**Given data**
[Start of Attachment]
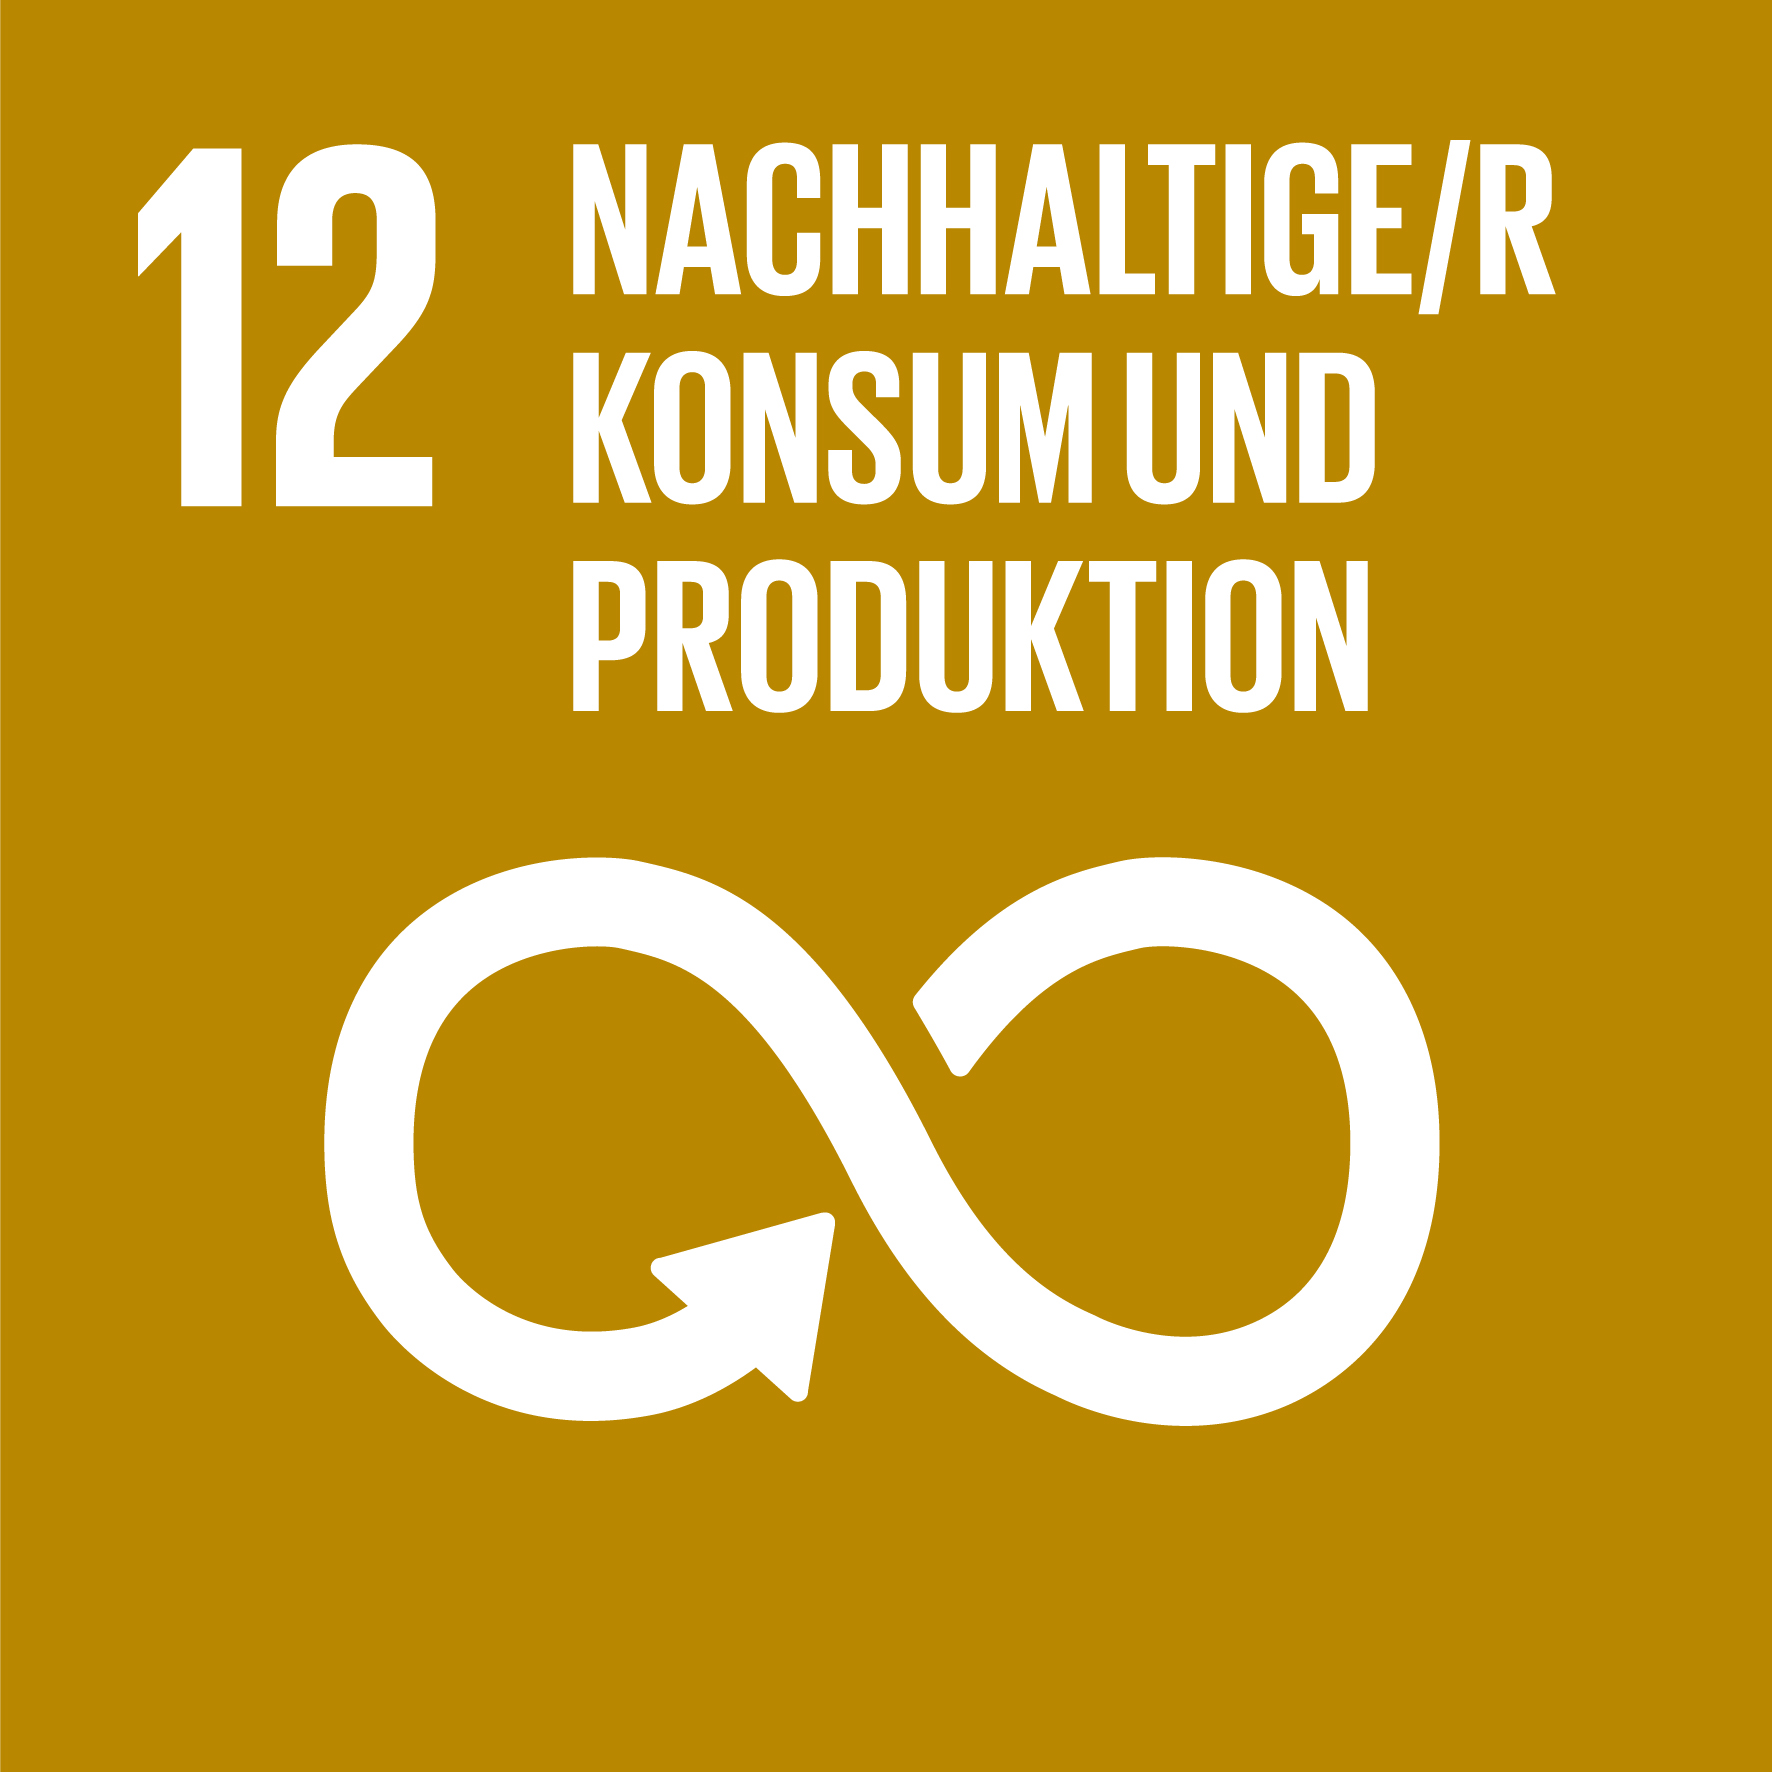 12 Nachhaltige/r Konsum und Produktion
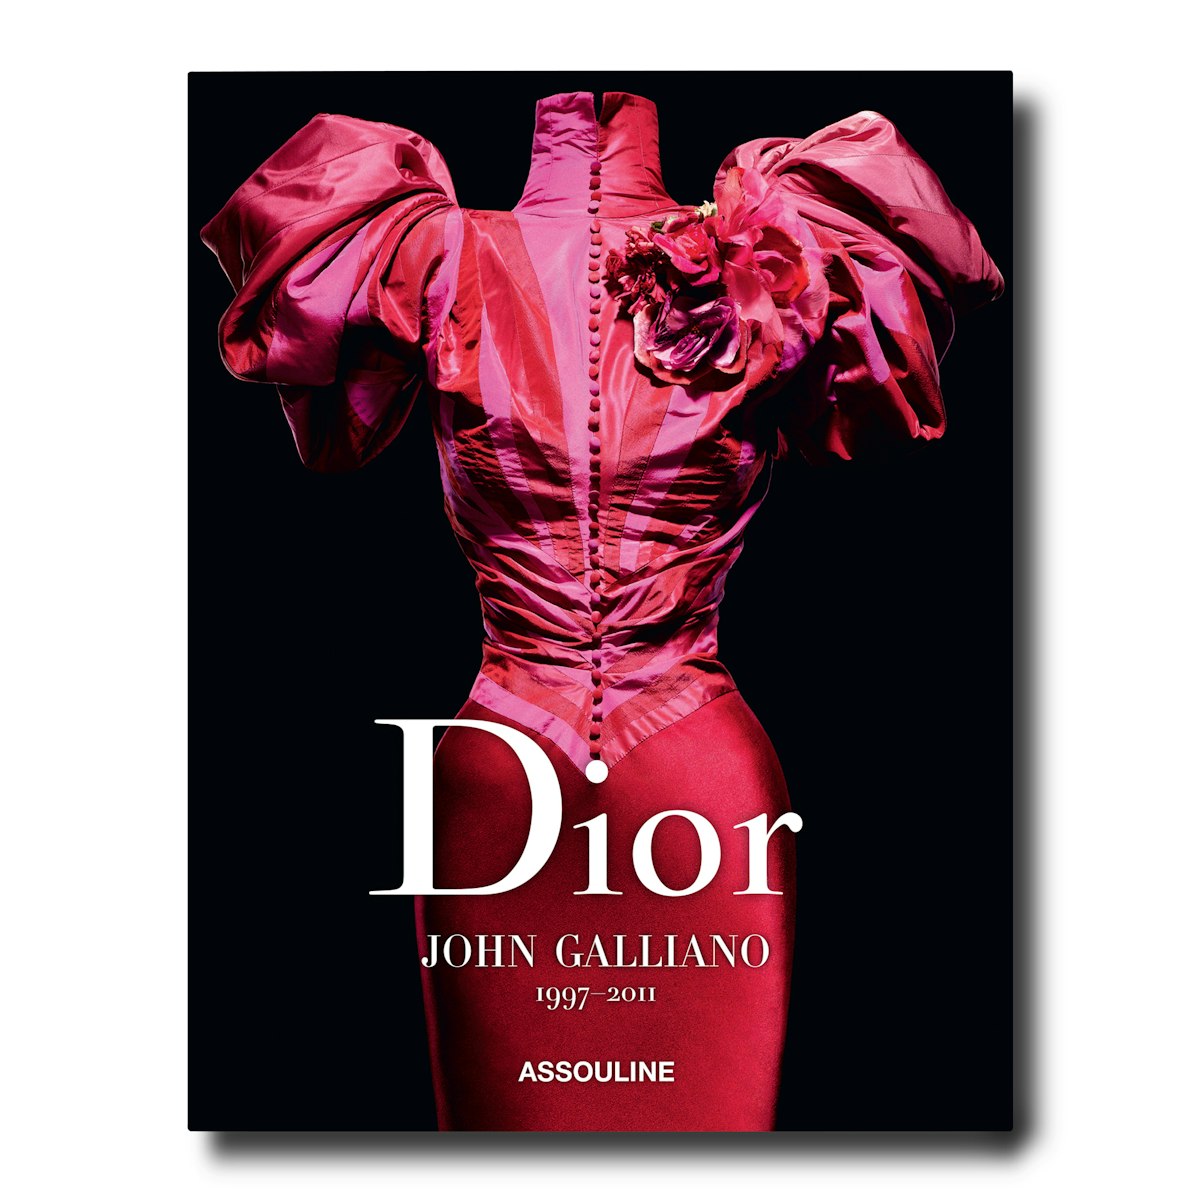 John Galliano for Dior  inspiring collection
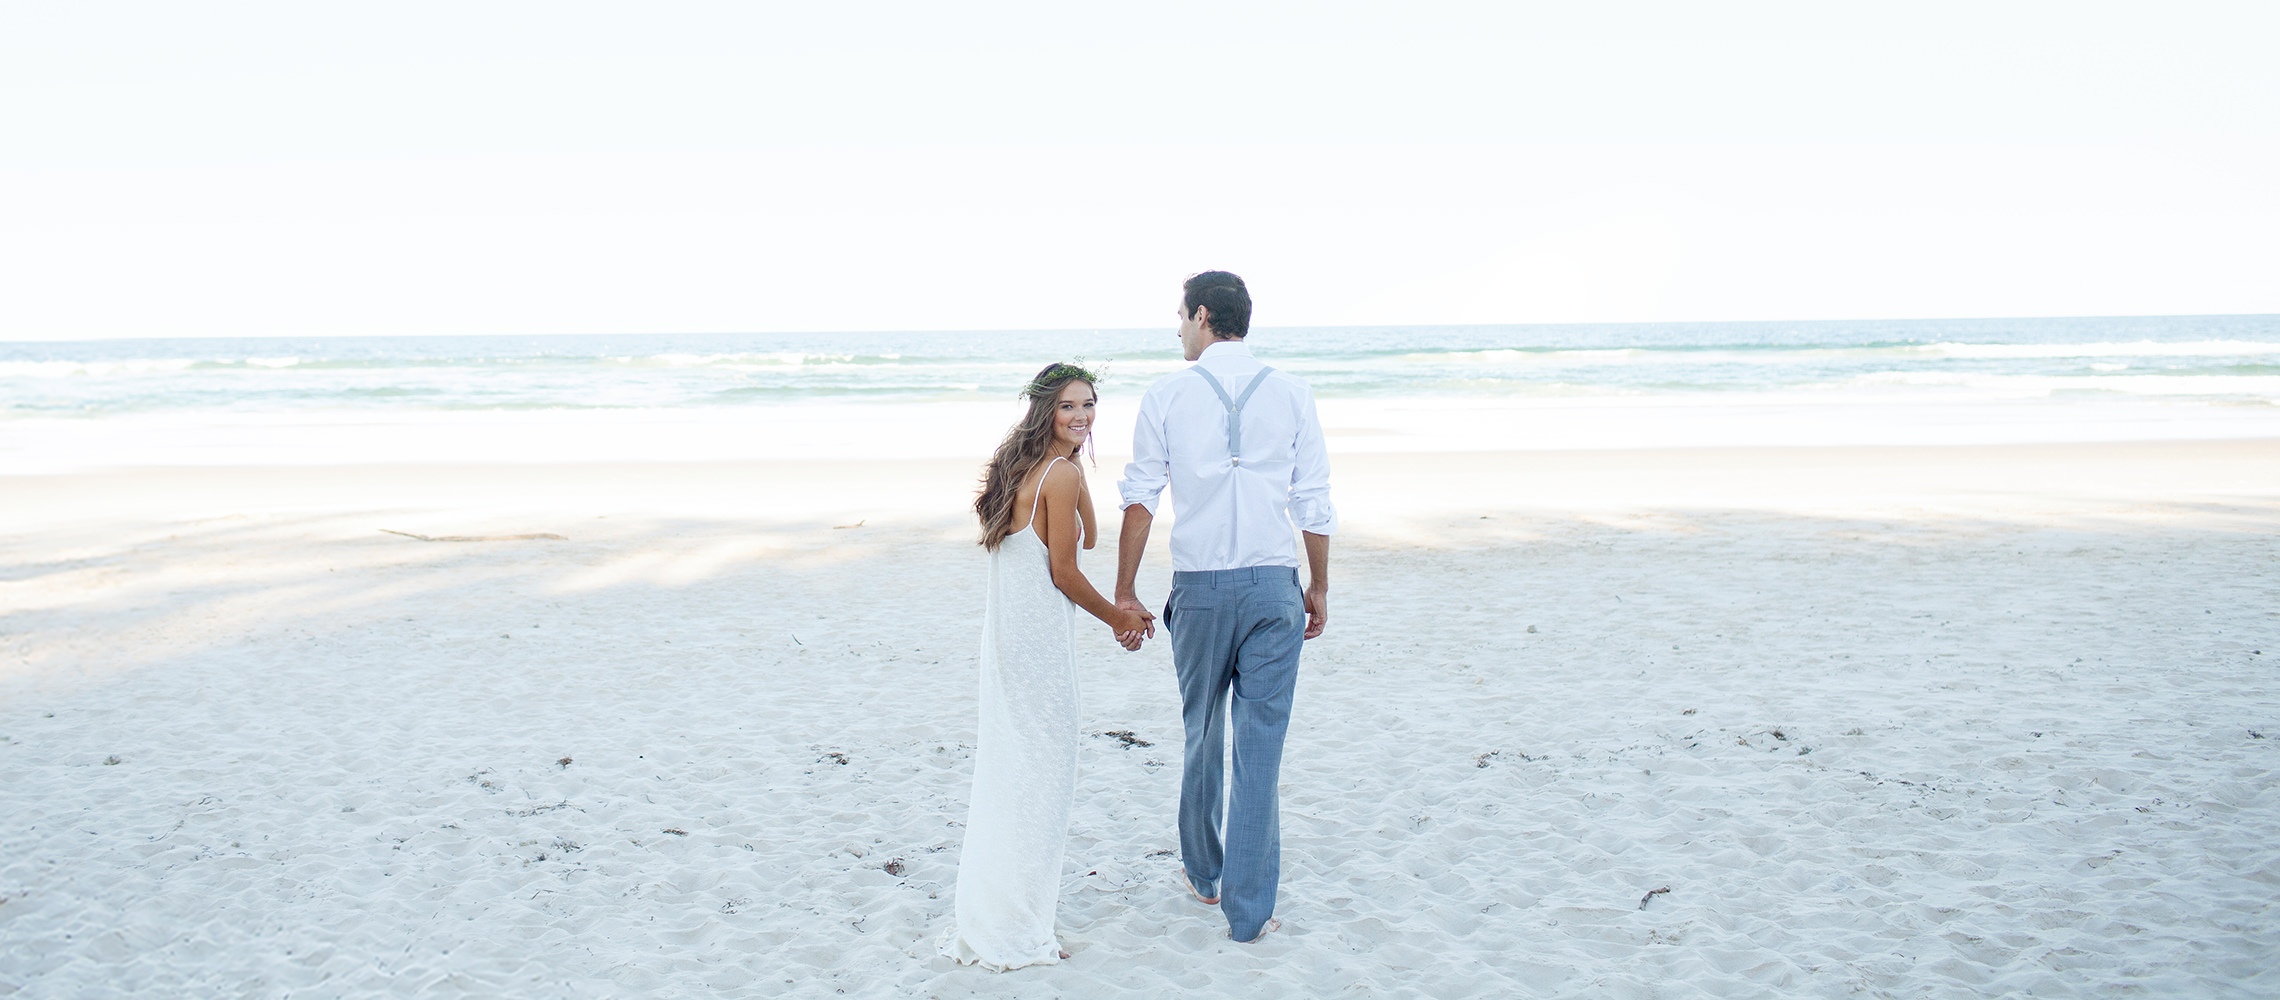 Jeunes mariés marchant sur une plage de sable blanc.
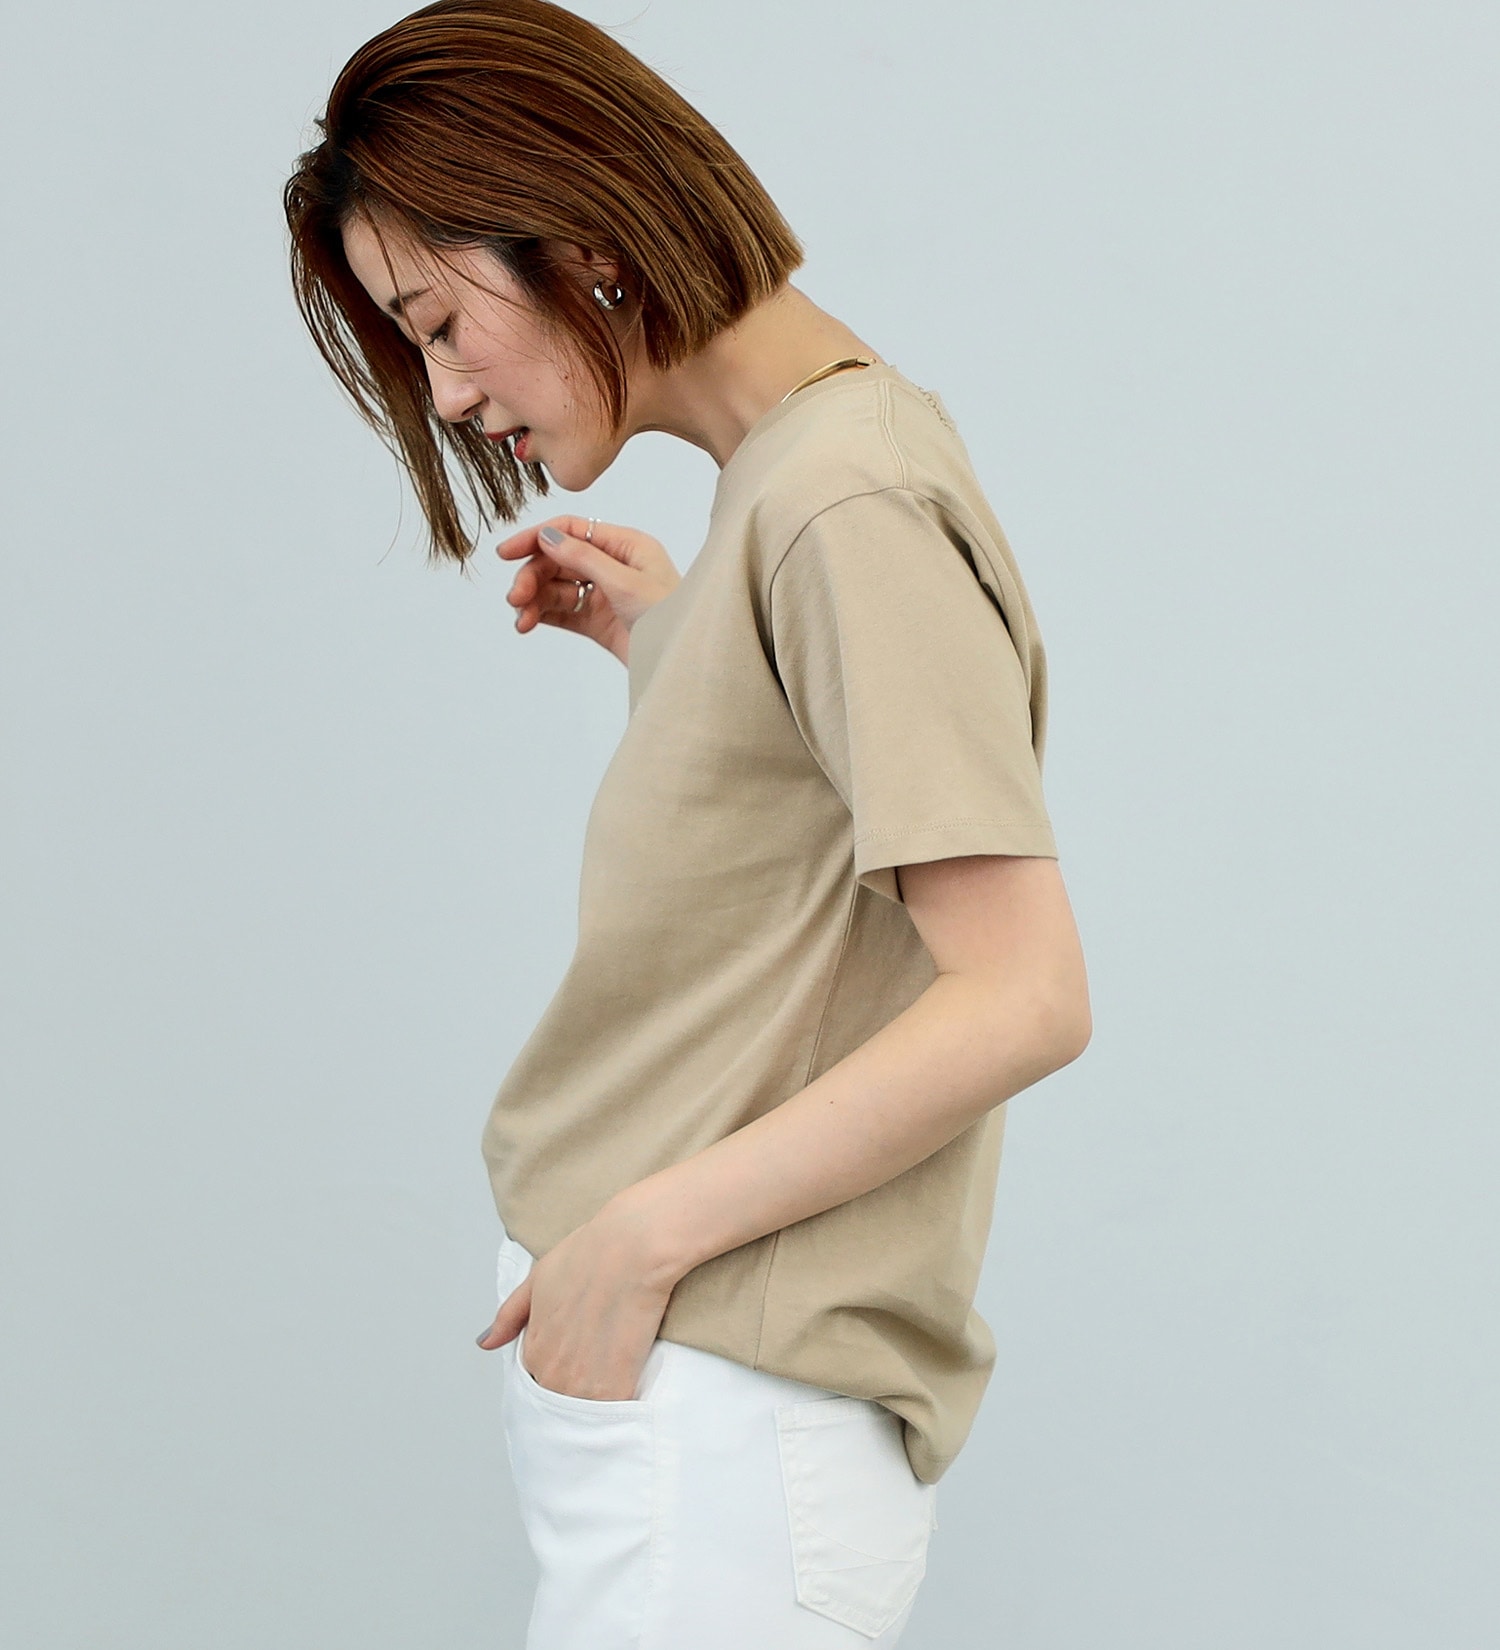 SOMETHING(サムシング)のSOMETHING コンセプトロゴ半袖Tシャツ|トップス/Tシャツ/カットソー/レディース|ベージュ
[End of Attachment]
**Activity**
Skip the images and set down the rest of the data unchanged.

**Task output**
 12 Nachhaltige/r Konsum und Produktion
 John Galliano for Dior  inspiring collection
 Jeunes mariés marchant sur une plage de sable blanc.
 SOMETHING(サムシング)のSOMETHING コンセプトロゴ半袖Tシャツ|トップス/Tシャツ/カットソー/レディース|ベージュ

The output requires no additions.